PROBLEM TO WORK ON >>
Output exactly the lines below, starting with the line that has "For RentCondoKasetsart, Ratchayothin" and going on through the line that has "7 Inch On-The-Go", both included, and no other lines.

RECORDS SHOWN >>
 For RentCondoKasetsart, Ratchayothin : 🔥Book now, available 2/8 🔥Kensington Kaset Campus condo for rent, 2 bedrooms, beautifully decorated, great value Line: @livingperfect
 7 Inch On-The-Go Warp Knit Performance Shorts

...

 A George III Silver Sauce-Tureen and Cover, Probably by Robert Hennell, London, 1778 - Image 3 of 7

RESPONSE TO THIS EXERCISE >>
 For RentCondoKasetsart, Ratchayothin : 🔥Book now, available 2/8 🔥Kensington Kaset Campus condo for rent, 2 bedrooms, beautifully decorated, great value Line: @livingperfect
 7 Inch On-The-Go Warp Knit Performance Shorts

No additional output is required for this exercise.